The planned rate cuts is mid of the coming year however i had said previously things are feeling the bite and the economy showing weakness it actually was but not to the extent of consistent "negative"although even saying something like Canadian GDP going from 3.2 to 3.1 holdinf above say a targetted 3 is great thats bad!!! If it hit less than 3 the rates would have been cut and we would have been in a recession as far as i am concerned we always were. Regardless people and their stupid "soft landing" so that was what was created and the costs of goods especially foods have gone up and our purchasing yet again down and that too on essentials.

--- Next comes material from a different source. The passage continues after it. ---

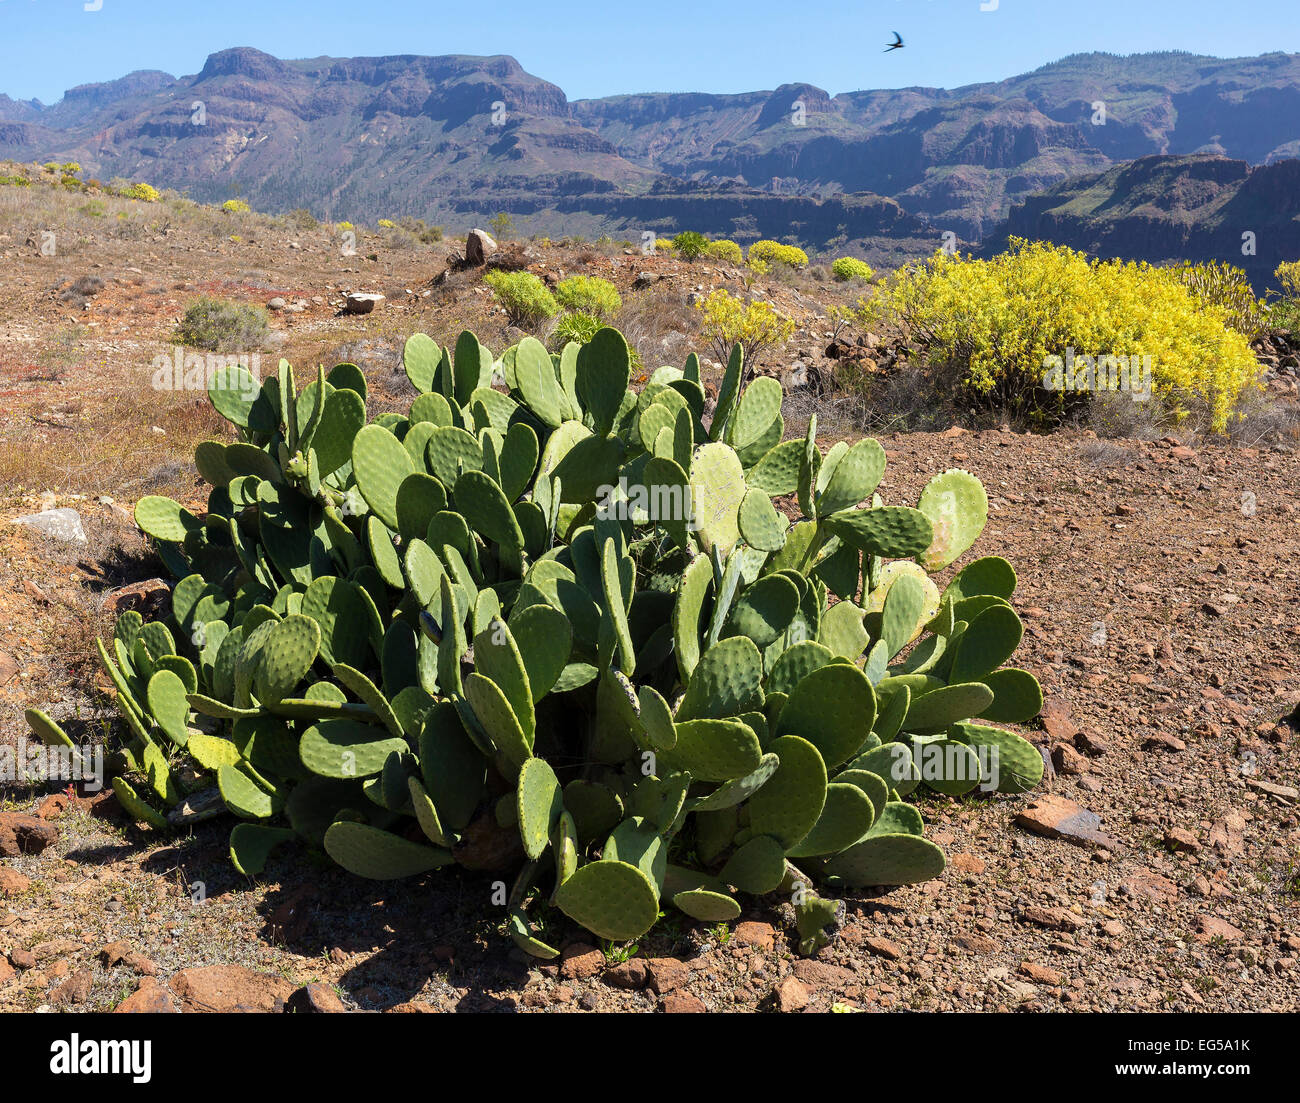 Mountain landscape with Prickly Pear Cactus (Opuntia), Gran Canaria, Canary Islands, Spain Stock Photo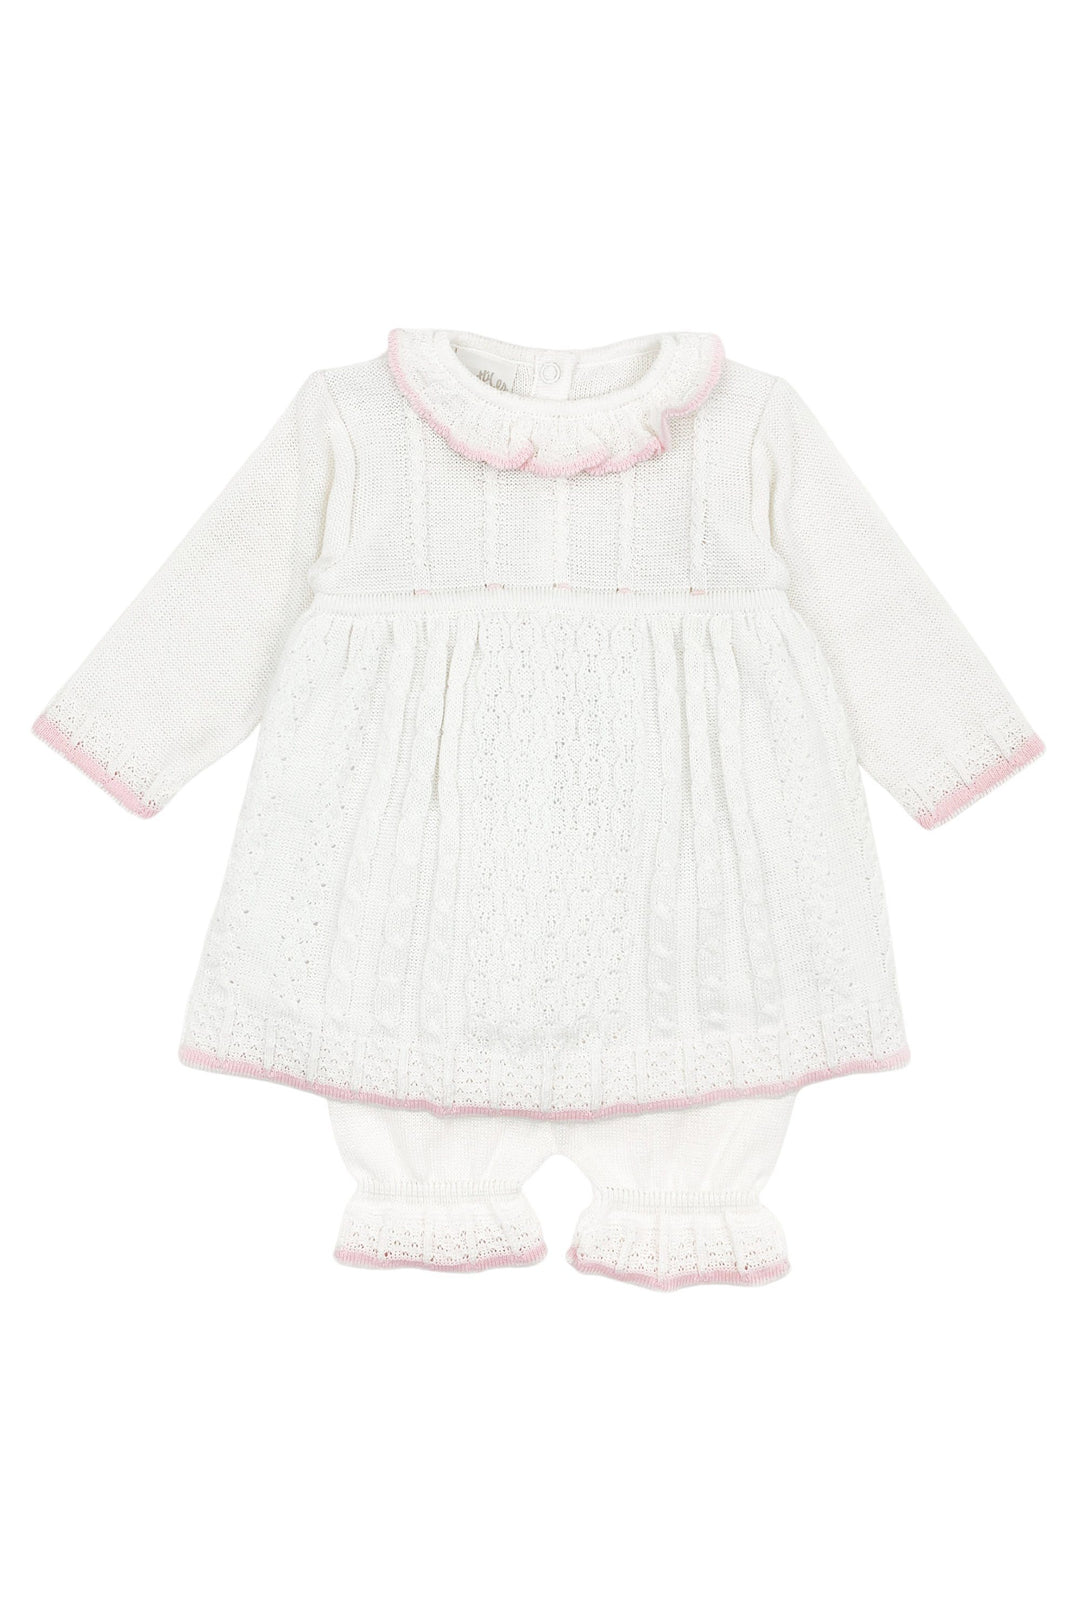 Pretty Originals "Cristina" Ivory Knitted Dress & Bloomers | Millie and John

In any case, with the overall turn ans rates not likely to be raised and most likely to be getting cut the market will only turn around in all liklihood. It is not the time to sell into stupid .015 fears the market will only rise but will likely still take its due course however i suspect more stability and then continous move up. I have as i said priced these shares .04 to .05 i expect we hit that and potential .10 plus coming year. I would love .20 plus but conservatively .05 to .10 i would add actuallt but i have said why i will not likely myself do so it has to strategically trading if we only see a small rise my sell is around the .04 to .05 so i will not buy at .03 even though my average is there .028 it would have to be .02 or less with me seeing the same value as i do now which means there cant be dilution and no off setting revenue and if there is i would have to feel that somewhere the off set will be string enough to hold a perceived .04 to .05 so i am done buying. I have enough to work with i will be waiting closer to .10 in the coming year i expect these to really start moving around the Spring solar seems season driven meaning it seems weak in fall winter stronger in spring summer from my fast and dirty reflecting from my memory on all solars i have held. Most solars are best bought under .05 as most i held seem to get there at some point or the other if they didnt go belly up...natcore (nxt) qsolar qsl both belly up i handled them wrong, egt prior stg is hammered here fell from $2.25 at one point, i also enerdynamics fell from $1.00 eht i believe was the ticker belly up i believe. Get at .05 or less target .10 plus.
In any case i would hold but find your sell price buy accordingly to it. Not likely less than .025 moving forward if .02 and i can add i will if .025 bid ask .03 no my absolutle lowest strike point is .04 that is the 25 percent minimal gain but not at all my desire. I will definitely wait until Spring before making any moves to sell.